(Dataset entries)
══════════

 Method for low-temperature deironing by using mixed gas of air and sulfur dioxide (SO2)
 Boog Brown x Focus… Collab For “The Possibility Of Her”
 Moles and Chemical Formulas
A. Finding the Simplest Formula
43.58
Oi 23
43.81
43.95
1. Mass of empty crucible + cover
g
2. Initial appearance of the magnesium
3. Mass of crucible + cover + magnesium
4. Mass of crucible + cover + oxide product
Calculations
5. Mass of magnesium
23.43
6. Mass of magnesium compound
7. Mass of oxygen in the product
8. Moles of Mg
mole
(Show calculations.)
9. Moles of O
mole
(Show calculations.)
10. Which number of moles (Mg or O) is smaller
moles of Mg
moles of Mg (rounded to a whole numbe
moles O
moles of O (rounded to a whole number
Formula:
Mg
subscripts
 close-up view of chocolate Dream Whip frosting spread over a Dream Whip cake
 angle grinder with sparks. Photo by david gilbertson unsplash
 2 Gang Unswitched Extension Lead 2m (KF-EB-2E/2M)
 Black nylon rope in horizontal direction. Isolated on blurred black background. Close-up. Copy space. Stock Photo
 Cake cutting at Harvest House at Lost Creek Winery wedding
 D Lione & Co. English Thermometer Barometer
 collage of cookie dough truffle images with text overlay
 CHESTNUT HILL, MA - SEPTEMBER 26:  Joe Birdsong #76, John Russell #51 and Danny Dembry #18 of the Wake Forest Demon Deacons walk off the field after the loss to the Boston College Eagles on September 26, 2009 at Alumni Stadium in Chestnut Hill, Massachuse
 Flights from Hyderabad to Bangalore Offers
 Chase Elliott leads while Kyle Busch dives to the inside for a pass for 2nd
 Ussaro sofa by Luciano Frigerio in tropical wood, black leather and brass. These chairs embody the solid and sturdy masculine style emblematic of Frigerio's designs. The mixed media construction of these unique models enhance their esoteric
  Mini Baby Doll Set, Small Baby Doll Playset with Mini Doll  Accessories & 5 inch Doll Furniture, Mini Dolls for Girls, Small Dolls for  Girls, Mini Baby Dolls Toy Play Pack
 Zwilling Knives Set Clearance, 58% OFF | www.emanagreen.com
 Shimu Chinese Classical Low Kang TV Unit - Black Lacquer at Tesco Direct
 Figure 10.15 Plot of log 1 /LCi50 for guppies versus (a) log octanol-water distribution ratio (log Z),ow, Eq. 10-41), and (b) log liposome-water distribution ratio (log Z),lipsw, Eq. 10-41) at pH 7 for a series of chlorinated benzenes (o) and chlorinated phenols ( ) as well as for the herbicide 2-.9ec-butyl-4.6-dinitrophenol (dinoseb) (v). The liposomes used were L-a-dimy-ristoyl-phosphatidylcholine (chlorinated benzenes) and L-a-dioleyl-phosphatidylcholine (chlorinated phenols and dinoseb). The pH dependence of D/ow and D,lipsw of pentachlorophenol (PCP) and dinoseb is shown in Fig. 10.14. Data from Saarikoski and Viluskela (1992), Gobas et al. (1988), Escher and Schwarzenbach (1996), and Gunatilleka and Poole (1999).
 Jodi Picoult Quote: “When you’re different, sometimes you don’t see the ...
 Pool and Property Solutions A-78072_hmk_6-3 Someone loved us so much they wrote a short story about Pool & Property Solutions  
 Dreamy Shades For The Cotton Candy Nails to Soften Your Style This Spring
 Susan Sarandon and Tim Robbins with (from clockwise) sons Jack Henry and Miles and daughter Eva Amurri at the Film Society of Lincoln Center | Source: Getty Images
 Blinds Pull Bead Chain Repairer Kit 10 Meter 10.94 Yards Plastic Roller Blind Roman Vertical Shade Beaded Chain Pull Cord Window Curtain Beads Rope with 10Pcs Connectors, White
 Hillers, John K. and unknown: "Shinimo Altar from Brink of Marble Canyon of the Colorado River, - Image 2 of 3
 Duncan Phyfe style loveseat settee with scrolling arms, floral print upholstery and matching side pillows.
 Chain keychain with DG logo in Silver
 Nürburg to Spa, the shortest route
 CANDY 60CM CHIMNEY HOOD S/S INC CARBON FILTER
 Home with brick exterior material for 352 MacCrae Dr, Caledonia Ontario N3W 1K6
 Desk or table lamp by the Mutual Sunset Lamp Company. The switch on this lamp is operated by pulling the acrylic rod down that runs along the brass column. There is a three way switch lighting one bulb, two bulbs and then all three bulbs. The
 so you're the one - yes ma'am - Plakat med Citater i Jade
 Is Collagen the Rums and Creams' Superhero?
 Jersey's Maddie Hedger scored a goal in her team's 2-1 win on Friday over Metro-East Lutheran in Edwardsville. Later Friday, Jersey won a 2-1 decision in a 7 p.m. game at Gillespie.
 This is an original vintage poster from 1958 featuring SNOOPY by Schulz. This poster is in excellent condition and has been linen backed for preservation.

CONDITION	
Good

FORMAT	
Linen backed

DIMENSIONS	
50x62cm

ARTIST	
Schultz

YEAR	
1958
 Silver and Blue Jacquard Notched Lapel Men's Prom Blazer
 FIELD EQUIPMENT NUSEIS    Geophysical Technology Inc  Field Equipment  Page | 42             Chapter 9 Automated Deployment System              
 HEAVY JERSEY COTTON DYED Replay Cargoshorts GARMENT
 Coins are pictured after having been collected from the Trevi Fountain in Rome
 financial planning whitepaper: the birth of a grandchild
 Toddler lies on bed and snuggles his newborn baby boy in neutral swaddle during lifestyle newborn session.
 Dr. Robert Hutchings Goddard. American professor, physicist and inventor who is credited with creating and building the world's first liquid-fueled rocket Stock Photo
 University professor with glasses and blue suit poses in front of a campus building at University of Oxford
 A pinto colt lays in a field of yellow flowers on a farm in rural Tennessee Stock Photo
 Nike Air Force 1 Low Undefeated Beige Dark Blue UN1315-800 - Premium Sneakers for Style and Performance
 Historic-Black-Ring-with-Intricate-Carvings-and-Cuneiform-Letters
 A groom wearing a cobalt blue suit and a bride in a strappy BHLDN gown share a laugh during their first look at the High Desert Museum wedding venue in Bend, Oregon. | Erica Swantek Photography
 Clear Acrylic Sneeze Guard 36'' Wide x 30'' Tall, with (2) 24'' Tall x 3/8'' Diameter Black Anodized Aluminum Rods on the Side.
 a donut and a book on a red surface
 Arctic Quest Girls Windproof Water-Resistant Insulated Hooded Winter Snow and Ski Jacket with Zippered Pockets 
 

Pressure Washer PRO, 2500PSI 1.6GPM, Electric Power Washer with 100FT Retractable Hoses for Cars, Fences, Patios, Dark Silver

══════════

▸ **Task directions**: Show all lines from the data that contain "Stock".

▸ **Exercise output**:
 Black nylon rope in horizontal direction. Isolated on blurred black background. Close-up. Copy space. Stock Photo
 Dr. Robert Hutchings Goddard. American professor, physicist and inventor who is credited with creating and building the world's first liquid-fueled rocket Stock Photo
 A pinto colt lays in a field of yellow flowers on a farm in rural Tennessee Stock Photo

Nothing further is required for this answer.